Sheesh, the...comments on that link.

nightski · 2025-03-06T04:00:12 1741233612

$10k to run a 4 bit quantized model. Ouch.

OriginalMrPink · 2025-03-06T13:03:42 1741266222

That's today. What about tomorrow?

water9 · 2025-03-06T07:40:27 1741246827

The M4 MacBook Pro 128GB can run a 32B perimeter model with an 8 bit quantized model just fine

vaxman · 2025-03-06T06:40:37 1741243237

[flagged]

titanomachy · 2025-03-06T18:42:14 1741286534

I'm downvoting you because your use of language is so annoying, not because I work for Apple.

vaxman · 2025-03-07T01:22:11 1741310531

So, Microsoft?

fredoliveira · 2025-03-06T15:19:20 1741274360

what?

vaxman · 2025-03-06T19:39:18 1741289958

Sorry, an apostrophe got lost in "PO's"

vaxman · 2025-03-06T08:56:57 1741251417

[flagged]

1R053 · 2025-03-06T09:39:21 1741253961

are you comparing the same models? How did you calculate the TOPS for M3 Ultra?

vaxman · 2025-03-06T19:10:19 1741288219

An M3 Ultra is two M3 Max chips connected via fabric, so physics.

Did not mean to shit on anyone's parade, but it's a trap for novices, with the caveat that you reportedly can't buy a GB10 until "May 2025" and the expectation that it will be severely supply constrained.

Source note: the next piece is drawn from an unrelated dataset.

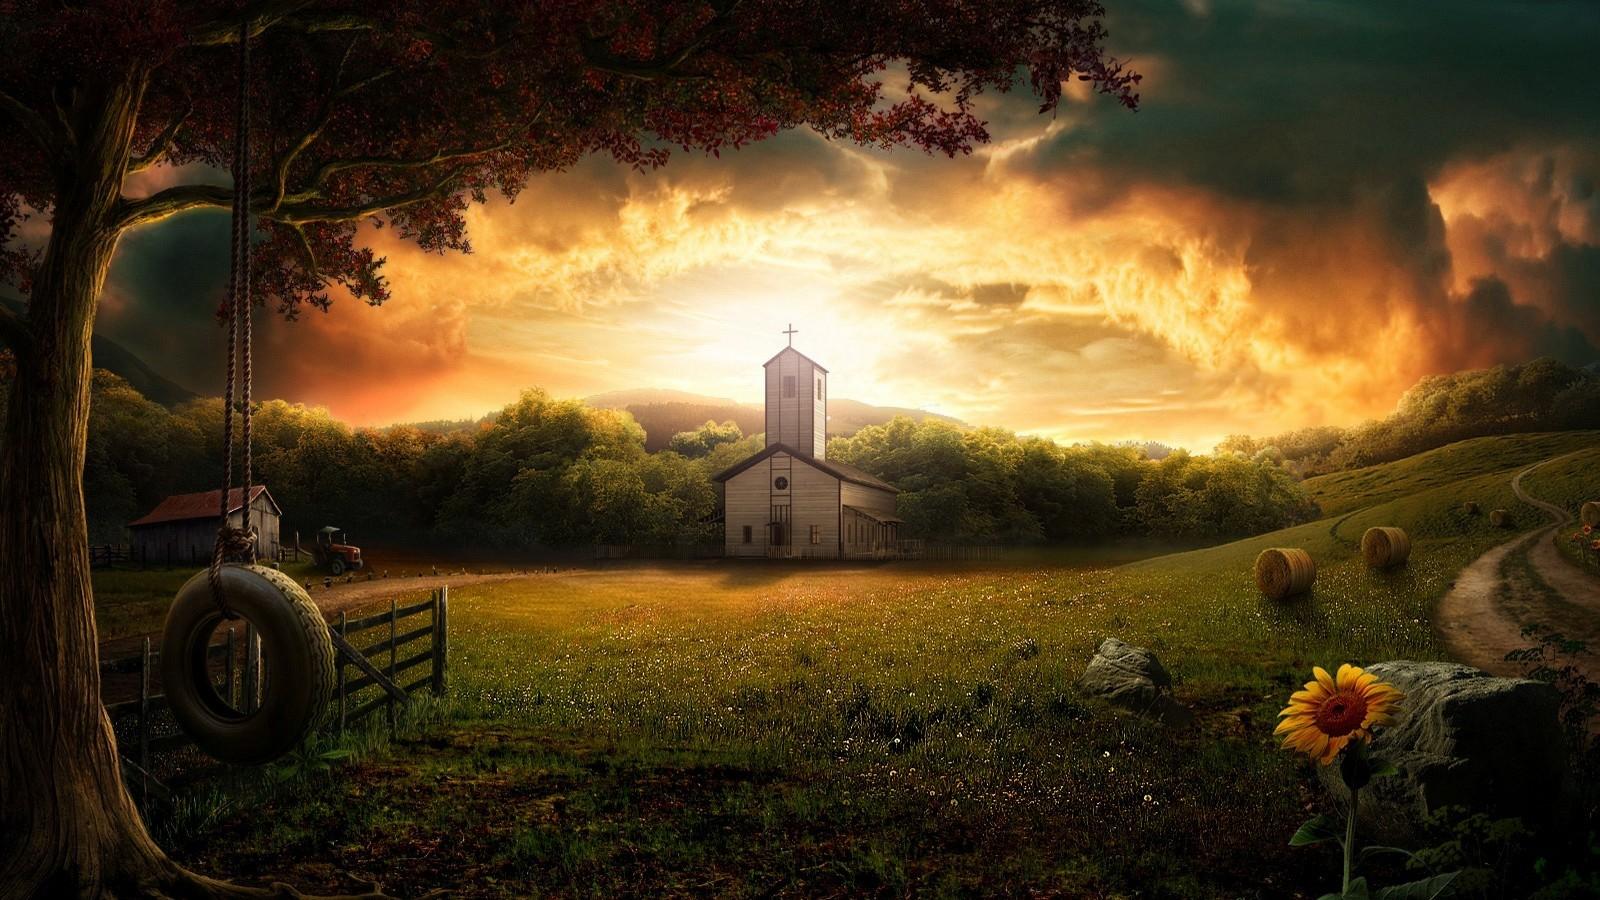 Best Nature Scene HD Wallpaper

For some (overfunded startups running on AI monkey code? Youtube Influencers?), that timing is an unacceptable risk, so I do expect these things to fly off the shelves and then hit eBay this Summer.

jrflowers · 2025-03-06T21:48:14 1741297694

> they specifically built this M3 Ultra for DeepSeek R1 4-bit.

This makes sense. They started gluing M* chips together to make Mac Studios three years ago, which must have been in anticipation of DeepSeek R1 4-bit

a1o · 2025-03-05T23:53:07 1741218787

Any ideas on power consumption? I wonder how much power would that use. It looks like it would be more efficient than everything else that currently exists.

j45 · 2025-03-06T02:18:37 1741227517

Looks like up to 480W listed here

https://www.apple.com/mac-studio/specs/

a1o · 2025-03-06T16:27:24 1741278444

Thanks!!

ryao · 2025-03-06T01:56:51 1741226211

The M2 Ultra Mac Pro could reach a maximum of 330W according to Apple:

https://support.apple.com/en-us/102839

I assume it is similar.

drited · 2025-03-05T20:32:12 1741206732

I would be curious about context window size that would be expected when generating ballpark 20 to 20 tokens per second using Deepseek-R1 Q4 on this hardware?